Introduction: The general goal of this task is that I try to distinguish potential high-value consumers and separate them from low-value consumers. [Recency], [Frequency] and [Monetary value (RFM)] are 3 factors that can calculate and use to do the targeting. The dataset this project use is from a company called CDNOW. I will figure out the potential value of a consumer in a given month, using only historical data prior to this month. I will then classify the sample by the “RFM index” I generated and see how much it is related to actual consumer spending.
Read and load trial data:
url <- 'https://dl.dropboxusercontent.com/s/xxfloksp0968mgu/CDNOW_sample.txt'
if (!file.exists('CDNOW_sample.txt')) { # check whether data exists in local folder (prevents downloading every time)
download.file(url, 'CDNOW_sample.txt')
}
df.raw <- read.fwf('CDNOW_sample.txt', width = c(6, 5, 9, 3, 8), stringsAsFactors = F) # load data
df.raw[1] <- NULL
# drop old id
colnames(df.raw) <- c("id", "date", "qty", "expd")
head(df.raw)
## id date qty expd
## 1 1 19970101 2 29.33
## 2 1 19970118 2 29.73
## 3 1 19970802 1 14.96
## 4 1 19971212 2 26.48
## 5 2 19970101 3 63.34
## 6 2 19970113 1 11.77
Generate year and month: In the raw data, we only have date column, which is hard to deal with, so we extract year and month from it and create two new columns [year] and [month]
library("lubridate")
##
## Attaching package: 'lubridate'
## The following object is masked from 'package:base':
##
## date
df.raw$date <- as.Date(as.character(df.raw$date),"%Y%m%d")

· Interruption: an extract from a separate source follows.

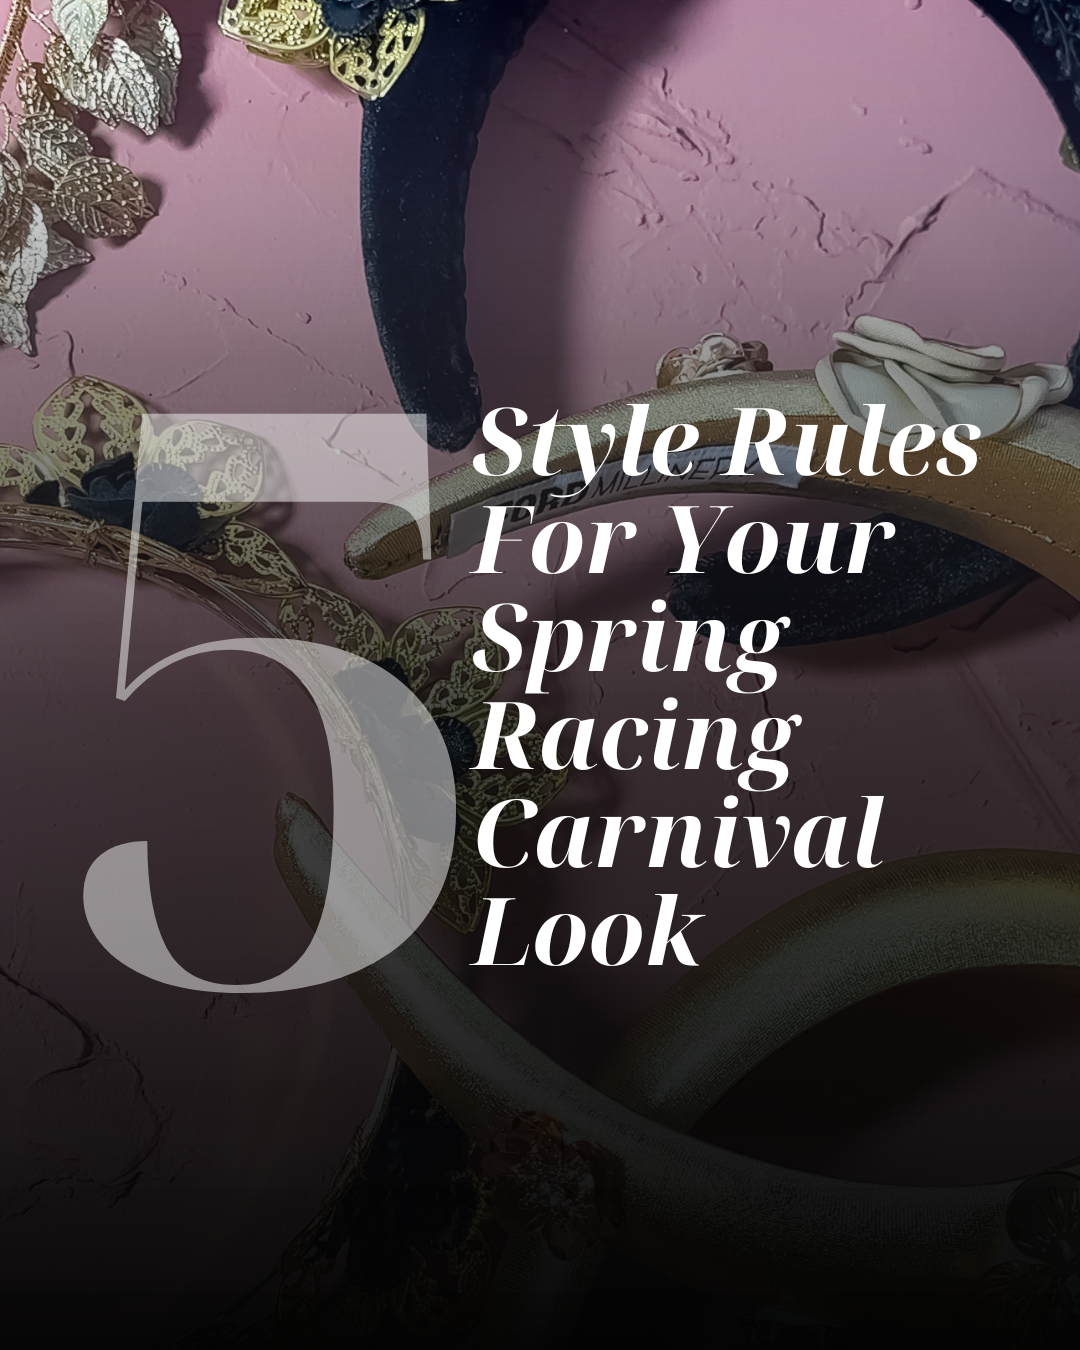 Ace Spring Racing Fashion 2023 With These 5 Rules

df.raw$year <- year(df.raw$date)
df.raw$month <- month(df.raw$date)
Aggregate into monthly data with number of trips and total expenditure: The Next step is to aggregate the data into individual-month level. During this aggregation process, we should sum up quantity and expenditure for each consumer in each month.
qty <- aggregate(df.raw$qty,by=list(df.raw$id,df.raw$year,df.raw$month),FUN=sum)

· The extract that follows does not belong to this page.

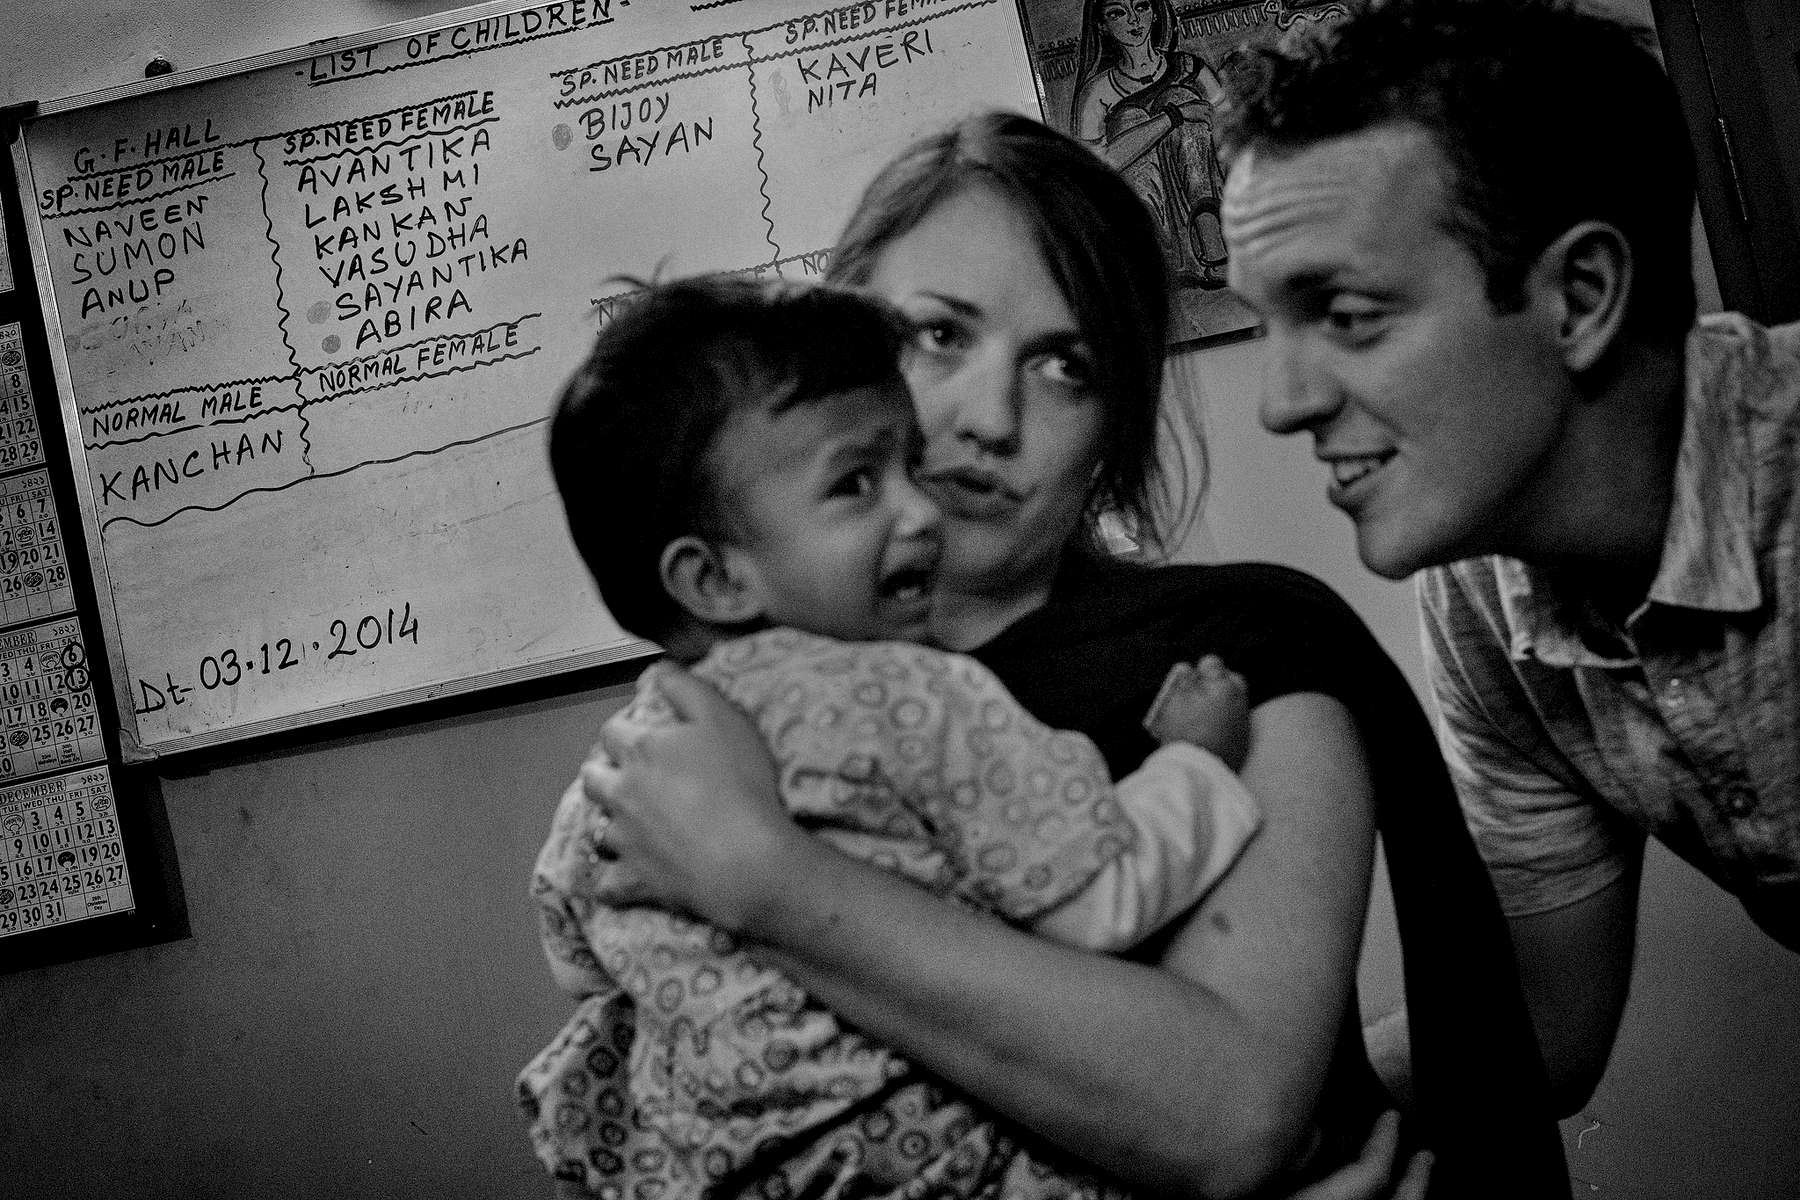 Jessica and Robby Followell pick up their daughter Eden Kaveri at the orphanage in Kolkata, India.

colnames(qty) <- c("id","year","month","qty")
expd <- aggregate(df.raw$expd,by=list(df.raw$id,df.raw$year,df.raw$month),FUN=sum)

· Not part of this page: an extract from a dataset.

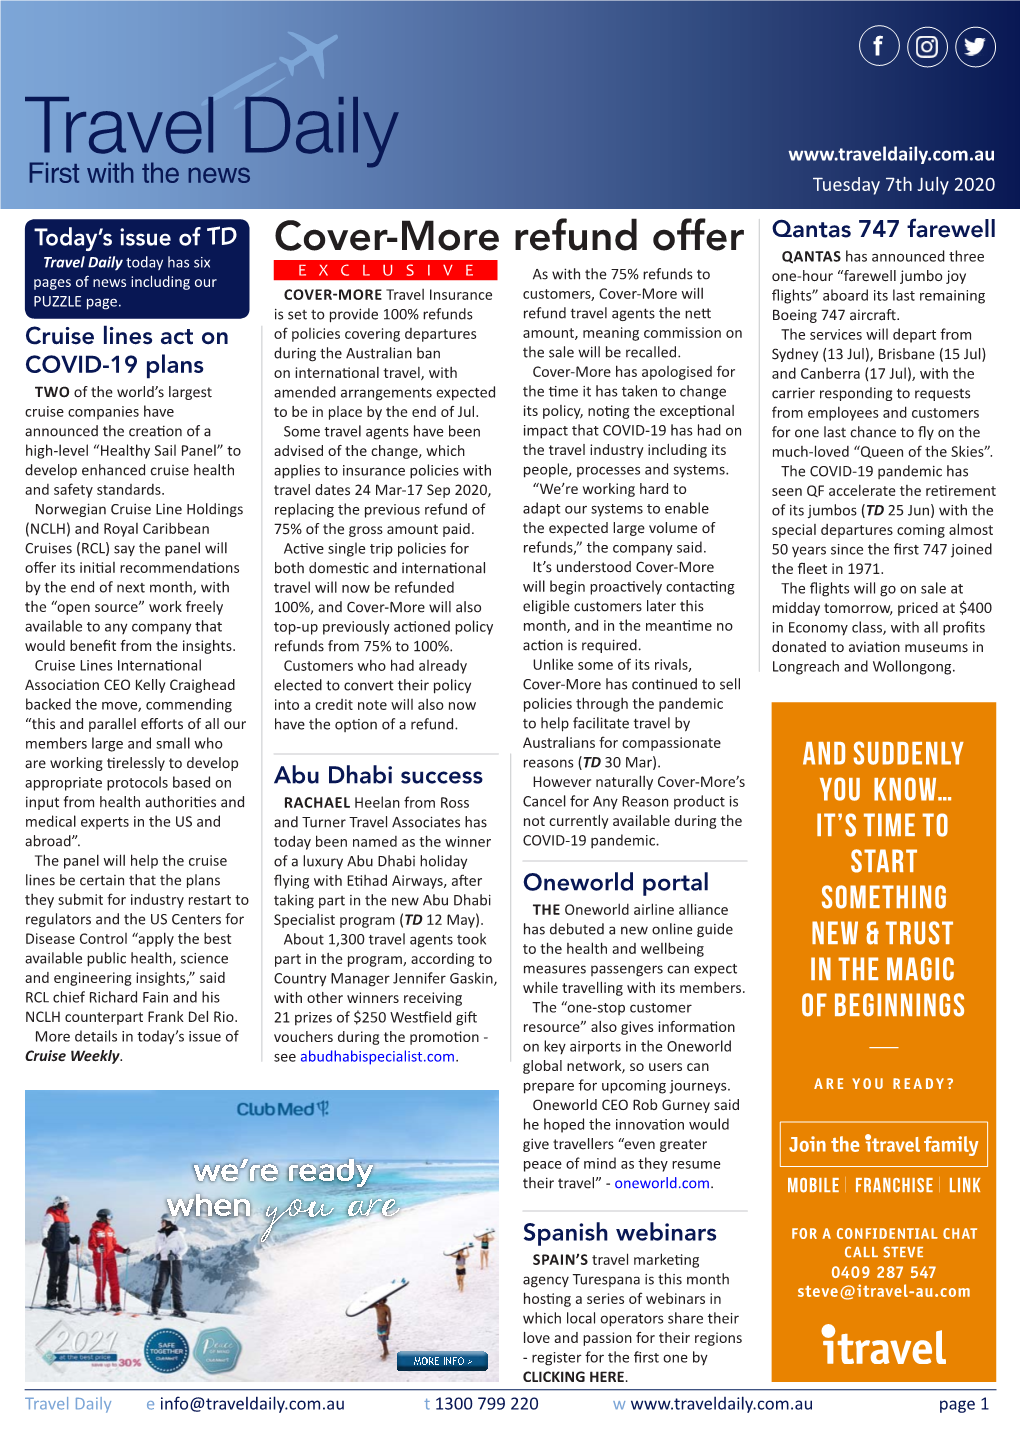 Cover-More Refund Offer

colnames(expd) <- c("id","year","month","expd")
trips <- aggregate(df.raw$qty,by=list(df.raw$id,df.raw$year,df.raw$month),FUN=length)
colnames(trips) <- c("id","year","month","trips")
df.t <- merge(qty,expd,by=c("id","year","month"),all.x = T)
df.new <- merge(df.t,trips,by=c("id","year","month"),all.x = T)
df.new$id <- as.numeric(df.new$id)
df.new <- df.new[order(df.new$id),]
Generate a table of year-months, merge, replace no trip to zero:
max(df.new$id)
## [1] 1000
date1 <- expand.grid(id=1:1000,year=1997,month=1:12)
date2 <- expand.grid(id=1:1000,year=1998,month=1:6)
date <- rbind(date1,date2)
df.all <- merge(date,df.new,by=c("year","month","id"),all.x = T)
df.all$qty[is.na(df.all$qty)] <- 0
df.all$expd[is.na(df.all$expd)] <- 0
df.all$trips[is.na(df.all$trips)] <- 0
df.all <- df.all[order(df.all$id),]
Now we should have the dataset we need after finish cleaning and transforming the raw data.
Recency: Recency is defined as the number of months since the last month with purchase. An example is, if an individual has been to the store in month 1, 2 and 5, her recency is NA in month 1 (because we do not know anything before the data starts), 1 in month 2, 1 in month 3, 2 in month 4, 3 in month 5, and 1 in month 6.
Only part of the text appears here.